» Exercise prompt:
Apart from the images, output the data below exactly.

» The data:
==*==

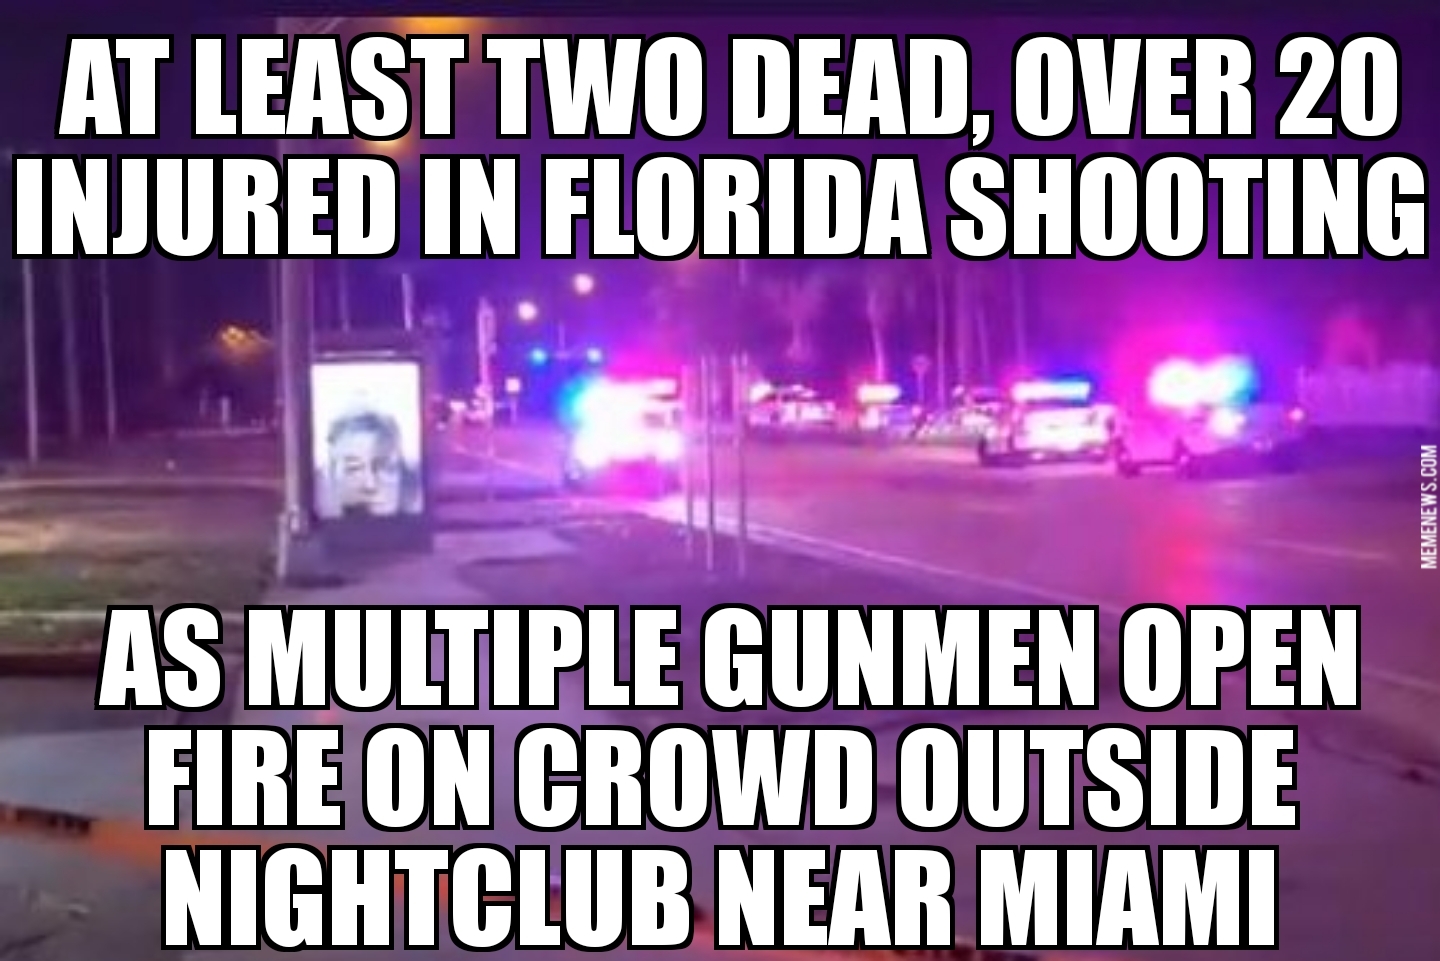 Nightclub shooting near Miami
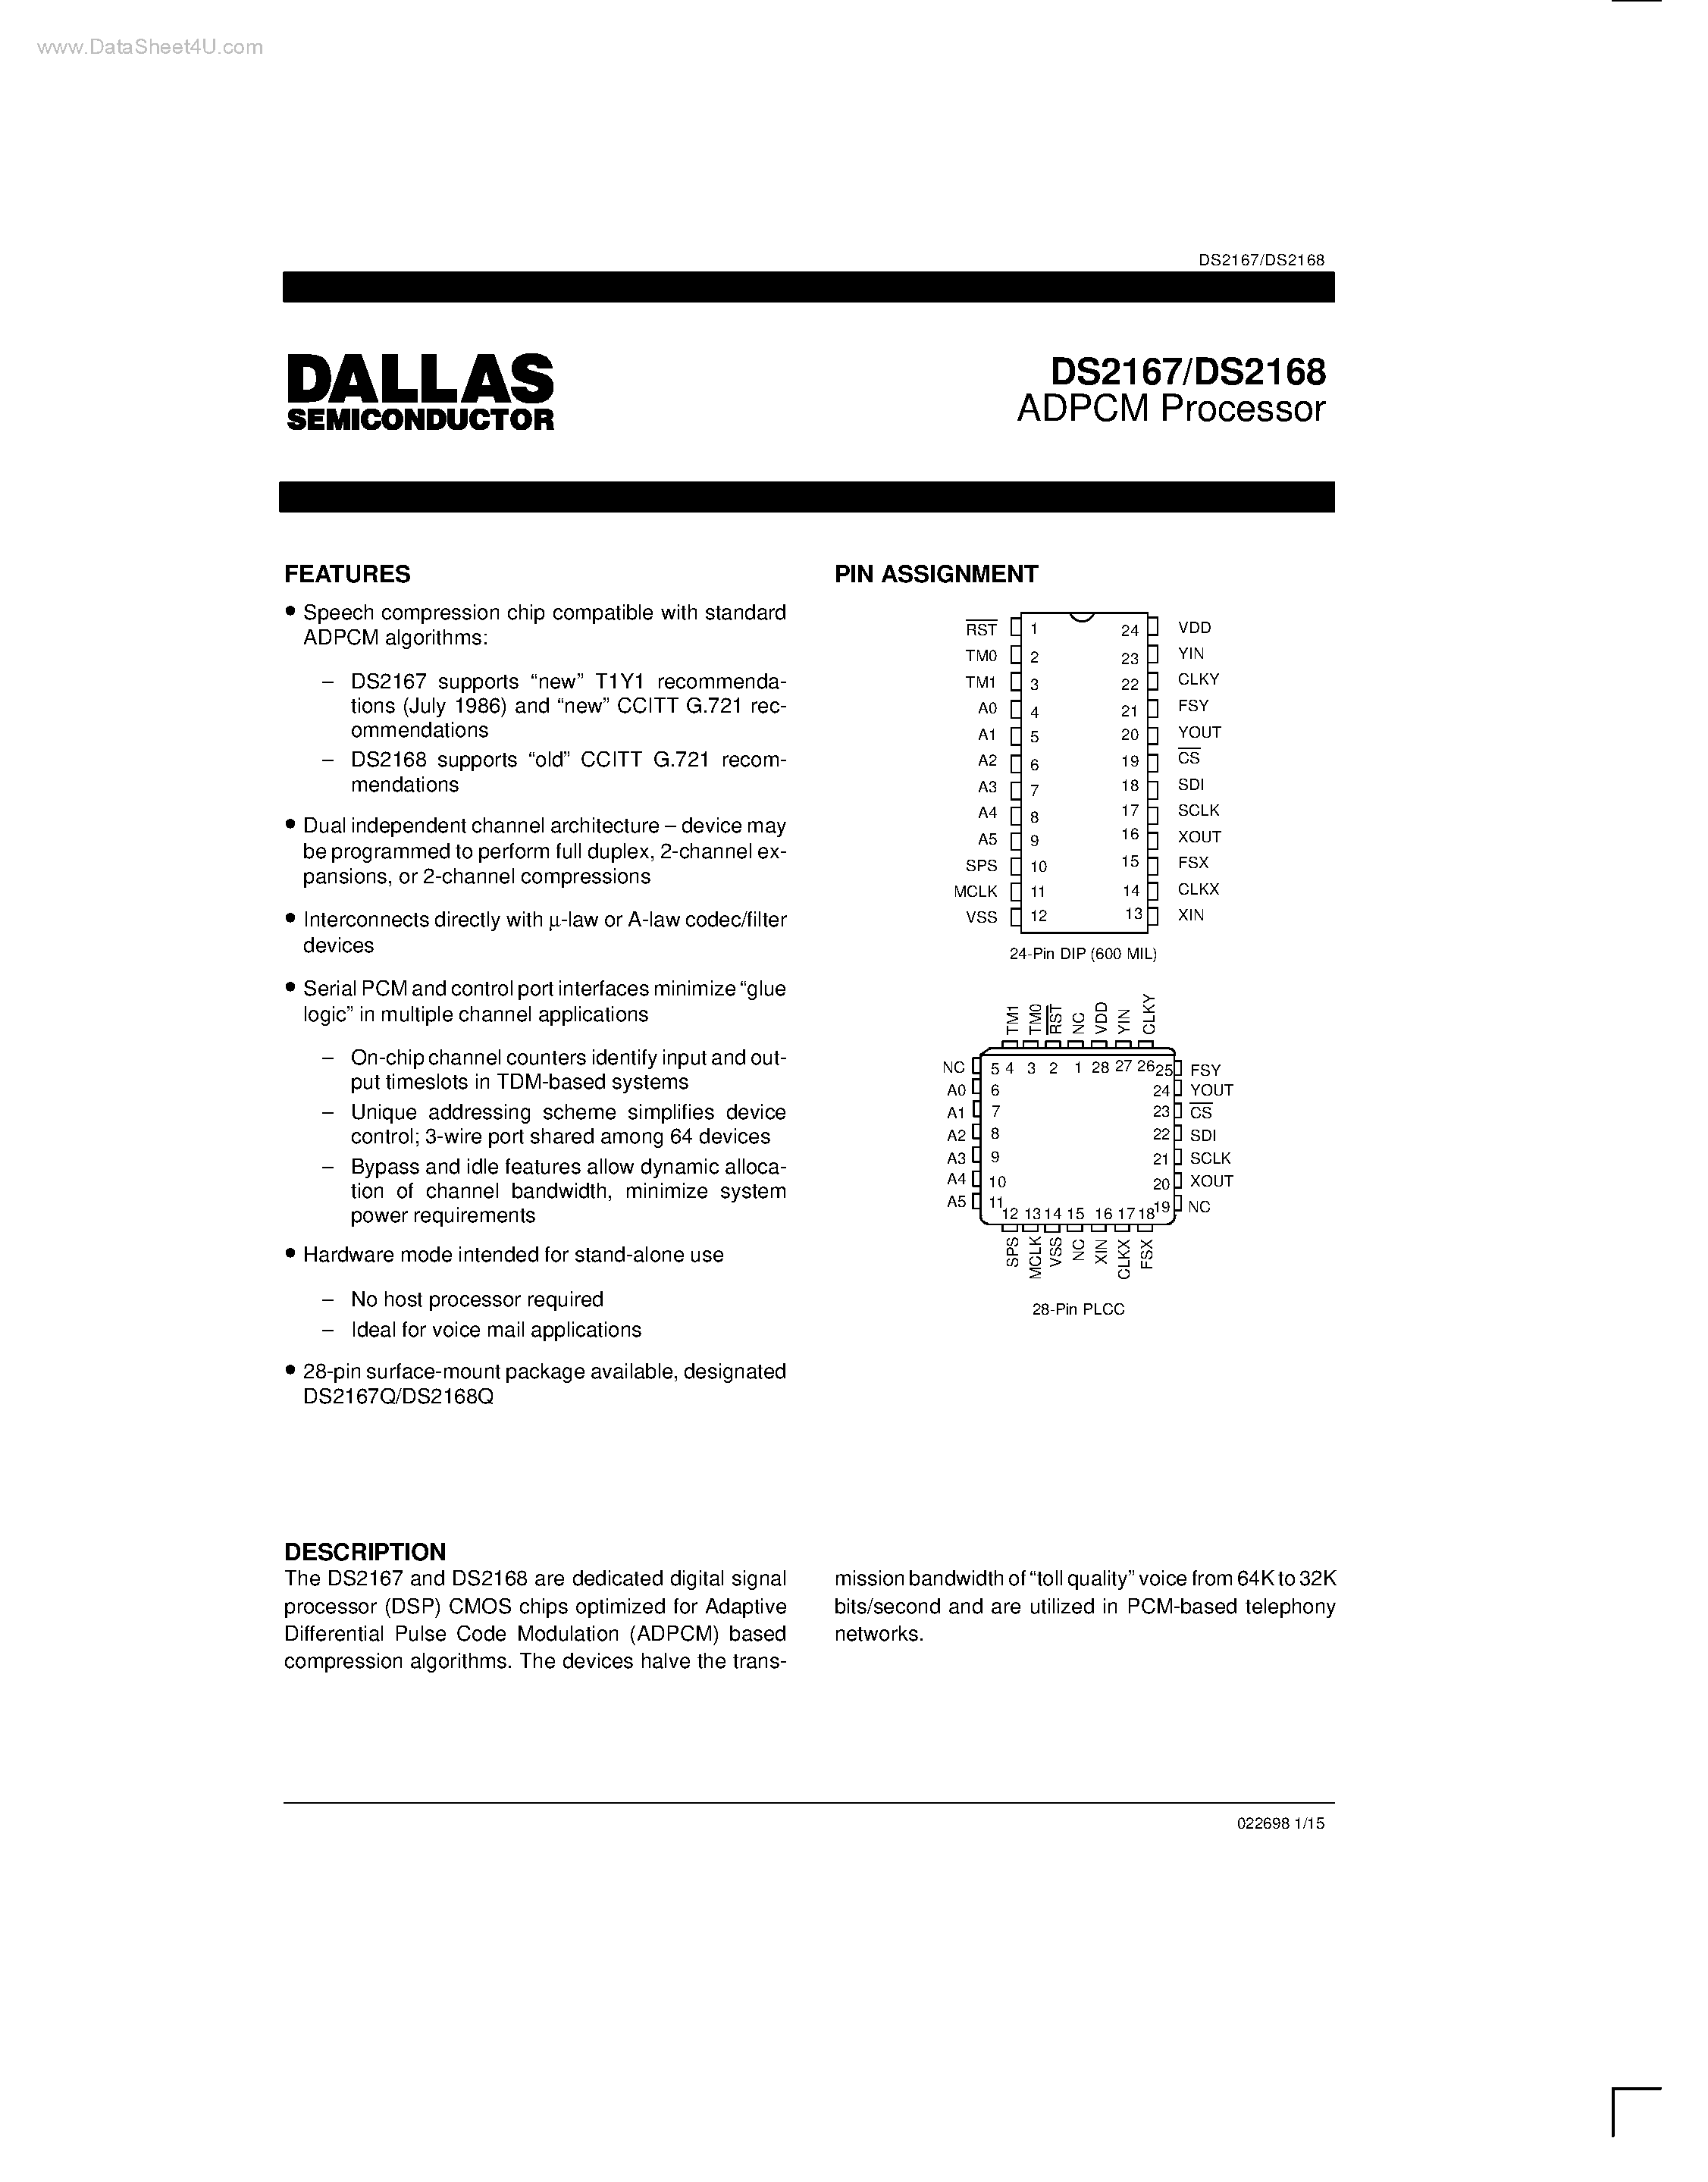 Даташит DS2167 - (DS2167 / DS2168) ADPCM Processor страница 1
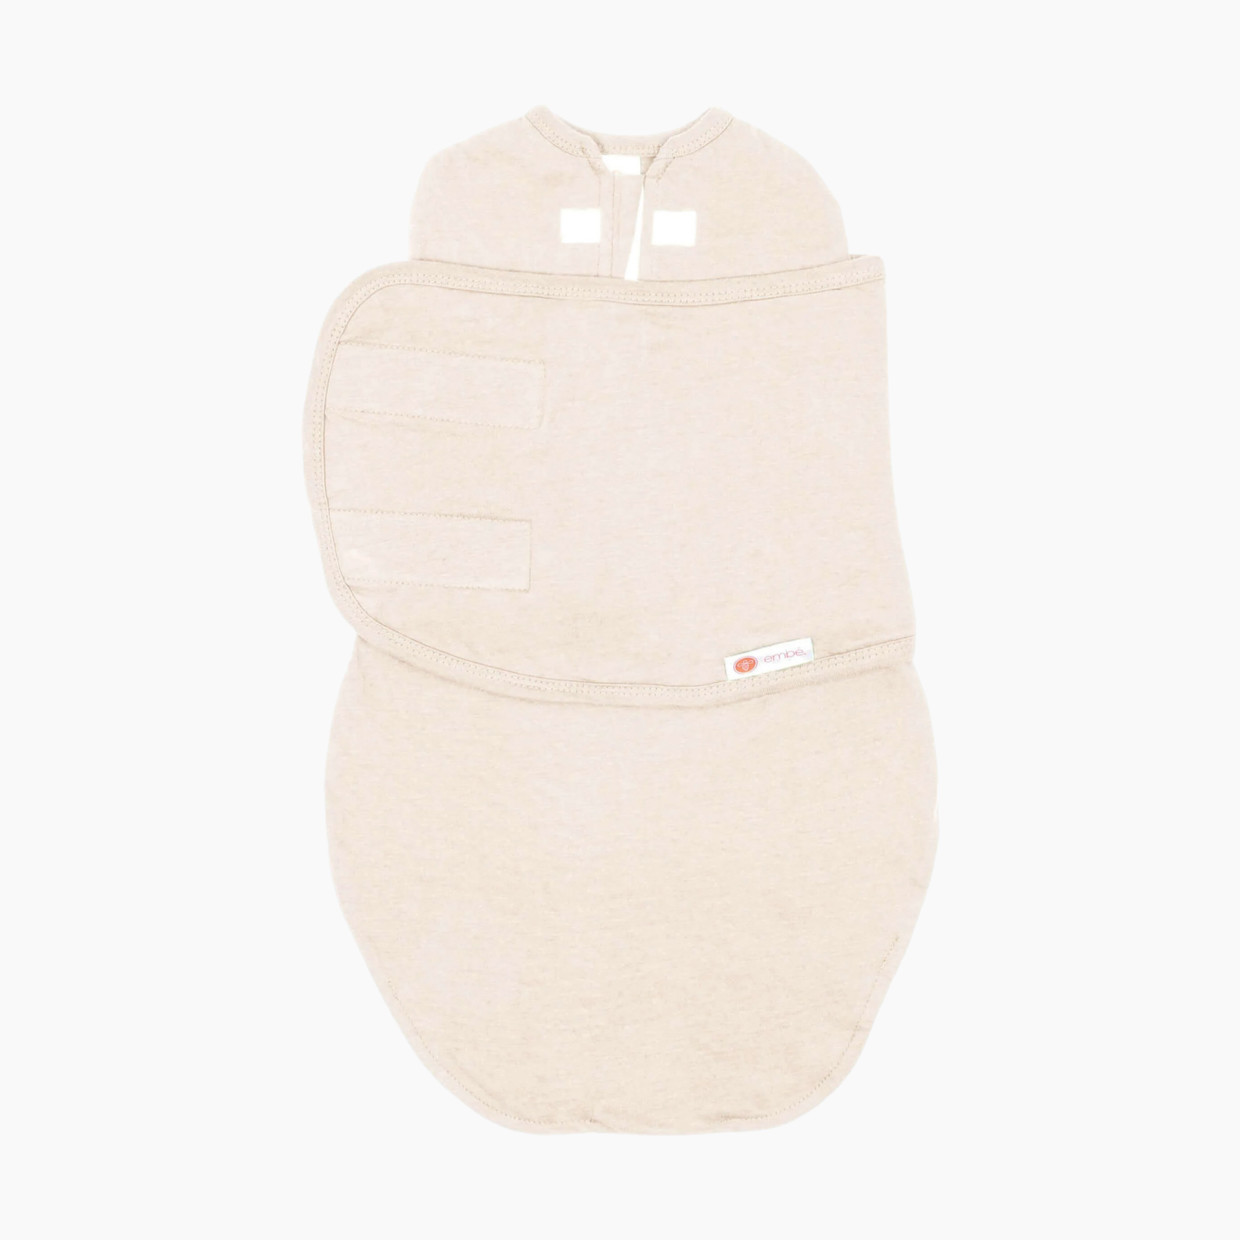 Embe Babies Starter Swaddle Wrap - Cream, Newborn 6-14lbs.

==*==

» Reply to the exercise:
 Nightclub shooting near Miami
 Даташит DS2167 - (DS2167 / DS2168) ADPCM Processor страница 1
 Embe Babies Starter Swaddle Wrap - Cream, Newborn 6-14lbs.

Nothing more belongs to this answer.